Respondents were then asked on their willingness to initiate six (anonymized) real therapy profiles, presented in Table 2. For each profile, respondents were required to describe their willingness to initiate treatment, by selecting one of the following options, with no option to skip: “very unwilling”, “unwilling”, “neutral”, “willing”, “very willing”.
Survey Respondents
Potential respondents were contacted by e-mail to participate in the survey. As respondents could decline to participate, or be excluded during participation in the survey, respondents were continually recruited until 500 sets of results were captured. Eligible respondents fulfilled each of the following criteria: age of 18 years or older; current residence in the USA; ability to read and understand the English language; diagnosis of T2DM (and no other type of diabetes); currently receiving medication to control blood glucose level, which began at least 6 months prior to the survey;Footnote 1 never received insulin to control blood glucose level; HbA1c level of ≥ 6.5% at the latest time of measuring (within the past year);Footnote 2 no health issues that make it difficult to participate in the survey (e.g., issues with seeing or reading, or issues with understanding or answering questions); not employed at a pharmaceutical company, or in a role with responsibility for directly treating patients with diabetes; willing to participate in the survey, and to provide informed consent. All respondents of the survey confirmed their willingness to participate, and gave explicit informed consent to participate, and for their demographic data and preference data to be captured and stored for research purposes and reported in an anonymized manner.
Data Analysis
The analyses of hypothetical choice set results used a conditional logit regression model to regress stated preferences to determine the crude relative preference for each attribute. Only main effects were estimated, i.e., no interaction terms were examined.
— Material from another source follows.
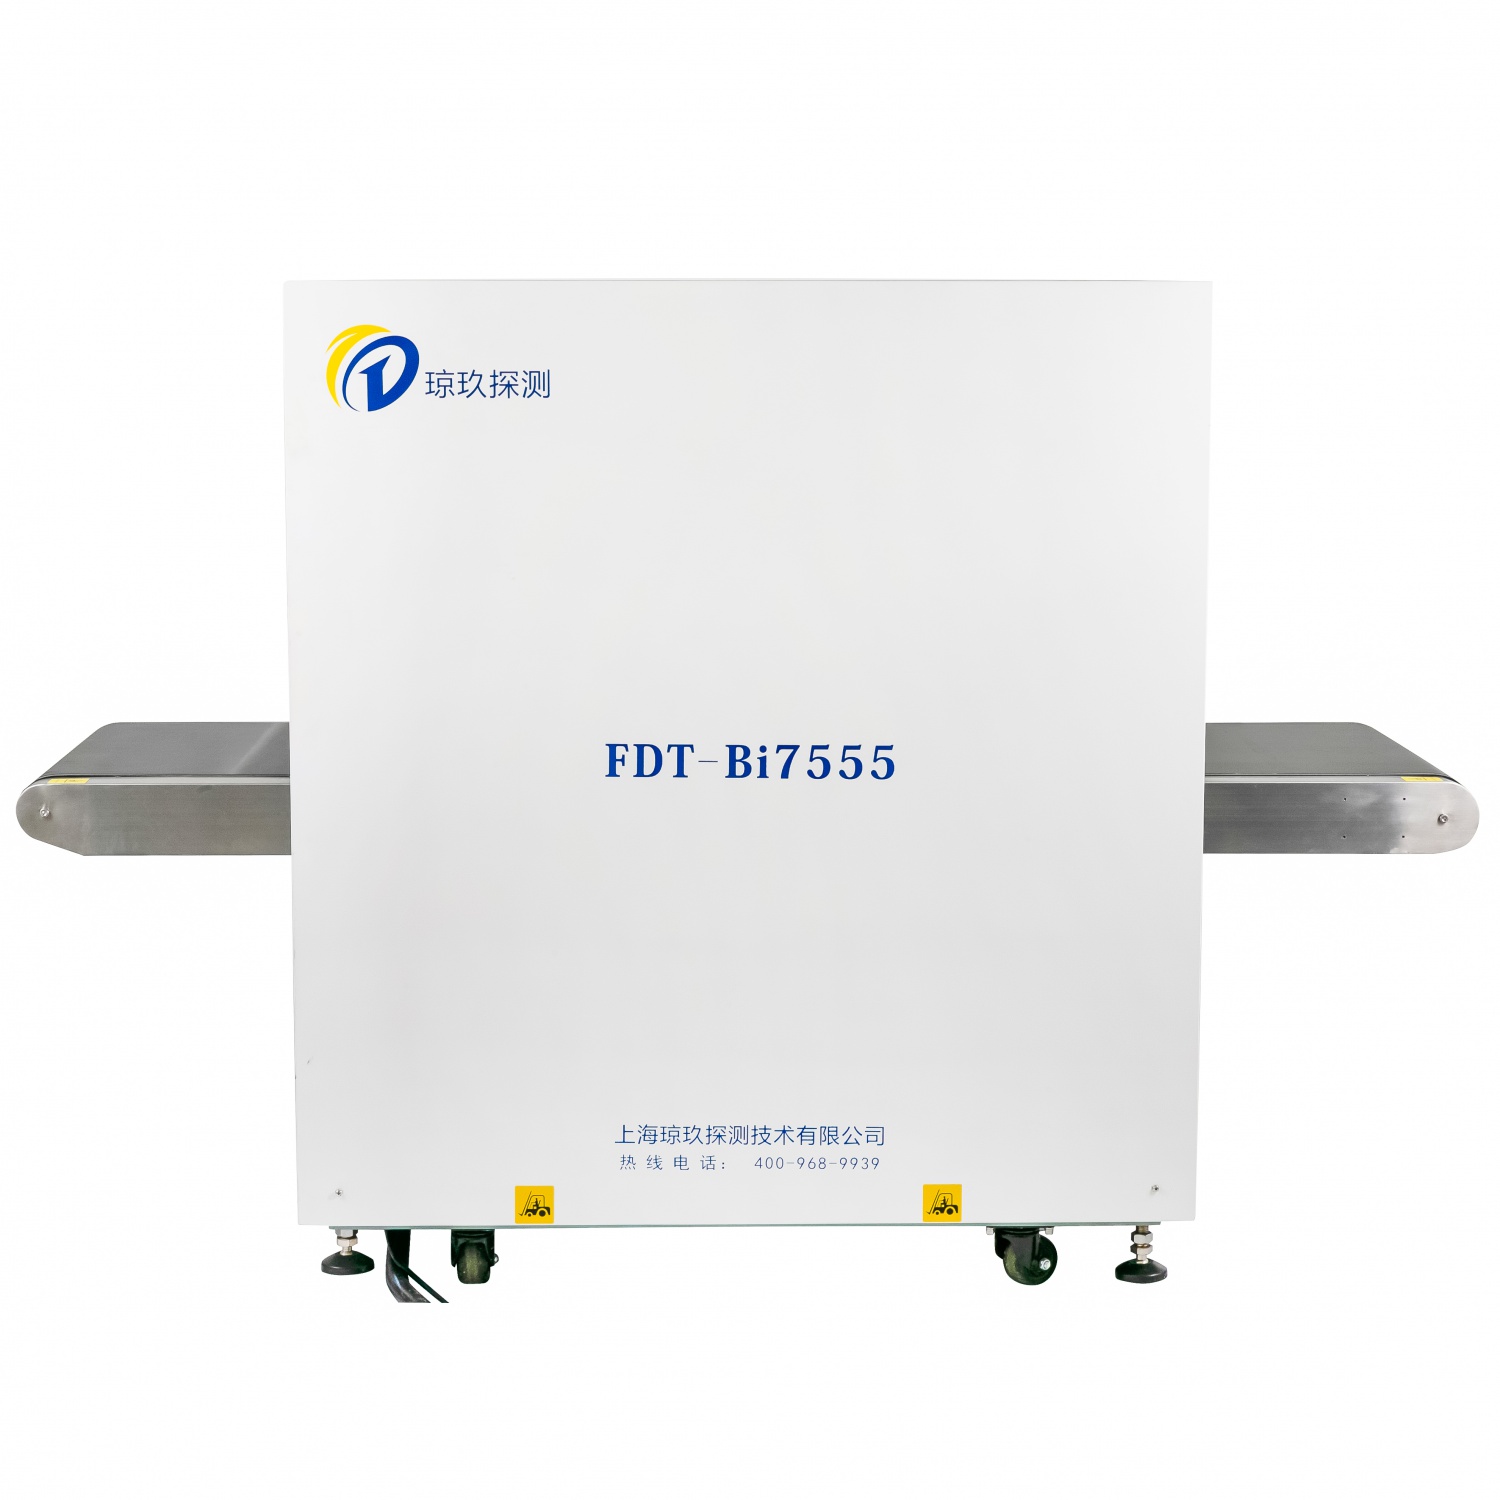 FDT-SE7555型 X射线检查设备安检机

The coefficients on the independent variables from the regression were interpreted as relative preference weights, indicating the relative strength of preference for each attribute level. Larger positive coefficients indicated that respondents preferred that attribute level to levels that have smaller or negative coefficients.
For subgroup analyses, respondents were grouped by injectable-naïve or injectable-experienced status, by gender (male or female), by age (< 65 or ≥ 65 years), by HbA1c level in relation to median or subjective target (HbA1c < 7.2% or ≥ 7.2%; HbA1c within or above personal target), by obesity (BMI < 30 kg/m2 or ≥ 30 kg/m2), by HRQoL (impairment or no impairment by EQ-5D-5L), and by answer to test choice set (correct or incorrect).
Results
Characteristics of Survey Respondents
Of the 4345 patients screened for the DCE survey, 500 met the eligibility criteria. The clinical and demographic characteristics of these patients are presented in Table S1 of the supplementary material. Within the eligible patient group (n = 500), 42.6% were female. The mean age of respondents was 65.5 years, and the majority of respondents (69.6%) were aged between 60 and 80. Most respondents had attained at least a degree-level education (56.8%). The majority of participants were retired (57.8%). The mean BMI within the sample was 32.0 kg/m2, with 56.0% of respondents considered obese (> 30 kg/m2), and 0.8% considered underweight (< 18.5 kg/m2) [29]. Respondents had been diagnosed with T2DM for a mean of 11.4 years prior to the survey, and had been receiving medication to control blood glucose for a mean of 8.9 years. Respondents’ mean reported HbA1c was 7.4%; specifically, 23.0% had tightly controlled HbA1c by ADA standards (defined as ≥ 6.5% to ≤ 6.9%), while 51.4% had loosely controlled HbA1c (≥ 7.0% to ≤ 7.9%) [30]; most respondents (62.4%) reported that their current HbA1c was outside the target set by their physician, and 18.8% reported having experienced complications as a result of T2DM.
Most respondents (93.4%) answered the test question correctly, selecting the clearly superior choice. The remainder (6.6%) therefore potentially provided unreliable results and were subgrouped for further analysis. The proportion of respondents with at least an adequate level of self-reported health literacy was 90.4%, and the proportion with adequate numeracy was 95.0%.
Relative Importance of Attributes and Levels in Hypothetical Profiles
In the full sample of the current study (n = 500), 35.5% of the total variance in respondents’ decision-making between profiles was predicted by mode and frequency of administration, while 29.2% was predicted by change in body weight. Less important attributes were change in cardiovascular event risk (19.1%), risk of hypoglycemic events (9.9%), and change in HbA1c (6.5%). Relative preference weights of attribute levels (relative to the least-preferred level in each attribute) are presented in Fig. 1. All attributes showed a linear upwards trend as expected, with the exception of risk of hypoglycemic events. This may be because the levels presented for this attribute were not sufficiently different to be considered notable by patients.
Relative preference weights for each attribute level presented in hypothetical choice sets, in full sample
In the injectable-naïve subgroup (which made up 72.2% of the sample; n = 361), the ordering of attributes by importance matched the full sample with mode and frequency of administration rated as most important, followed by change in body weight, change in cardiovascular event risk, risk of hypoglycemic events, and lastly change in HbA1c (Figs. 2, 3). However, in the injectable-experienced subgroup (n = 139), the ordering of administration and body weight change attributes was reversed, as was the ordering of hypoglycemia risk and HbA1c change attributes.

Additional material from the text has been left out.